The output of Annotate Single Cell Reads
Annotate Single Cell Reads produces the following outputs:
- A Sequence List () of 'annotated reads'.
- Optionally, a Sequence List () of 'unmatched reads' that did not match the configured options.
- Optionally, a Report () containing various summaries.
The annotated reads
The 'annotated reads' contain just the 'Sequence' part of the read structure for the input reads that matched the configured options. These reads are suitable for use in several tools, see Annotate Single Cell Reads. Note that the output reads are sorted by their cell barcode, UMI and hashtag, if used, so they will appear shuffled compared to the input.
The table view of the sequence list (see https://resources.qiagenbioinformatics.com/manuals/clcgenomicsworkbench/current/index.php?manual=Table_view_sequence_lists.html) contains the annotations added to the reads.
The barcode in the 'Cell barcode' column is formed by 'Cell barcode' tags in the read structure and/or the barcode extracted from names, joined by a '-'.
Barcodes that are corrected (see Barcode correction) and/or translated (see 'Multiome ATAC' and 'Parse Biosciences' in Read structure) contain the final barcode under 'Cell barcode', and the uncorrected and untranslated barcode under 'Original barcode'.
The unmatched reads
The 'unmatched reads' contain the input reads that did not match the configured options:
- The reads did not match the Read structure. Typically these reads are too short. If longer reads are present, it may be worth verifying if the read structure includes a variable length tag.
- The read names did not match the Read name structure.
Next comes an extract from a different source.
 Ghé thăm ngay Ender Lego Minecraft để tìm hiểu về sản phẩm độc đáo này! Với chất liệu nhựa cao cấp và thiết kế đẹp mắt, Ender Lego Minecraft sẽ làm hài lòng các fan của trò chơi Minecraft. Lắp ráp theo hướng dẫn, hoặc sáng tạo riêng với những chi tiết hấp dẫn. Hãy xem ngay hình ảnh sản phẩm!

- The cell barcodes for the reads were discarded because they are not on the whitelist.
The report
The report includes the following sections:
- Summary
This section contains information about the number of:
- Input, annotated and unmatched reads.
- Distinct cell barcodes, as well as hashtags, if used. If multiple barcode components are defined, the total number of barcodes reflects the final joined cell barcodes.
- Barcode correction
This section is present if barcode correction was used. It contains, for each barcode component, the number of barcodes that were:
- Identified.
- Corrected.
- Discarded, if a whitelist was used.
- Retained.
- Barcode ranks
A plot ranking the cell barcodes in decreasing order of the number of reads (figure 6.4). The number of cells present in the data can be approximated by the location of a sharp fall in the plot.
Figure 6.4: A barcode ranks plot. A sharp transition from an average of a bit less than 10,000 reads to less than 100 reads per barcode is seen at x = 5,000, suggesting that there are approximately 5,000 cells in the data.- Nucleotide counts
Plots showing the distributions of different nucleotides at each position for the tags extracted using the Read structure (cell barcode, UMI, hashtag) for the 'annotated reads'.
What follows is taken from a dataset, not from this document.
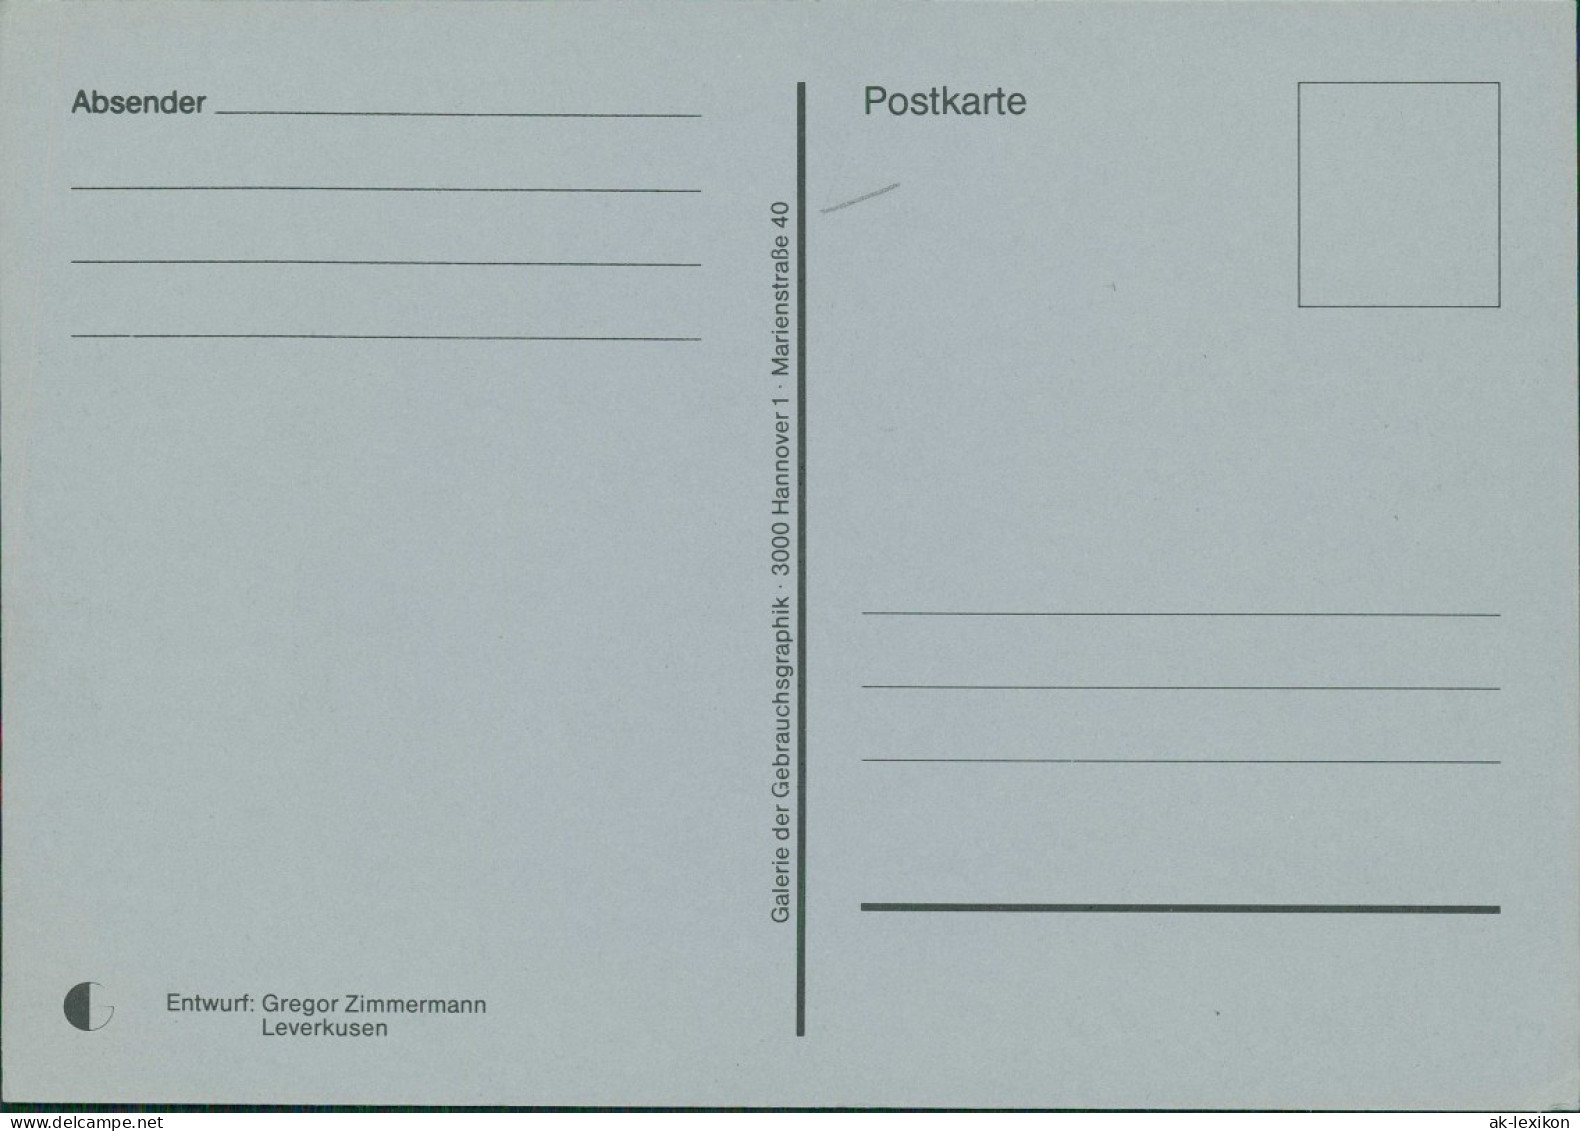 Ansichtskarte  Internationaler Postkartenmarkt Frankfurt 2000 - Zeitgenössisch (ab 1950)

The distributions for cell barcodes and UMIs are both expected to be roughly uniform, while the distribution for hashtags varies depending on the number of distinct hashtags in the data. The distribution becomes more uniform with more hashtags, but if only a few hashtags are expected, for example when the hashtag represents the sample, the distribution is likely to be skewed and should reflect the known expected hashtags.
For simplicity, the remainder of this section will talk about 'barcodes', but the description is equally true for UMIs.
Typically, barcodes are randomly generated, or else designed to be very different from each other, such that all nucleotides are observed at each barcode position, and in approximately equal amounts. Errors may be detected when the barcode plots do not show this behavior, such as in figure 6.5, where position 1 in the barcode is mostly 'A', position 2 is mostly 'A', position 3 is mostly 'G' etc. It appears that one barcode contains almost all the reads in the sample. In this case, the cell barcode part of the read structure has been misconfigured to read an adapter with sequence 'AAGCAGTGGT'. The same plot with the correct read structure is shown in figure 6.6.
Figure 6.5: Nucleotide counts plot for a misconfigured barcode. One barcode with sequence 'AAGCAGTGGT' is present in most of the reads. In this case the barcode was misconfigured to be part of an adapter.
Figure 6.6: Nucleotide counts plot for the same data as in figure 6.5. All nucleotides are seen at all positions of the barcode with comparable frequencies, except for at position 1. This dataset is from a 96-well protocol where the barcodes for each well are known in advance and the skewed nucleotide distribution at position 1 is as expected.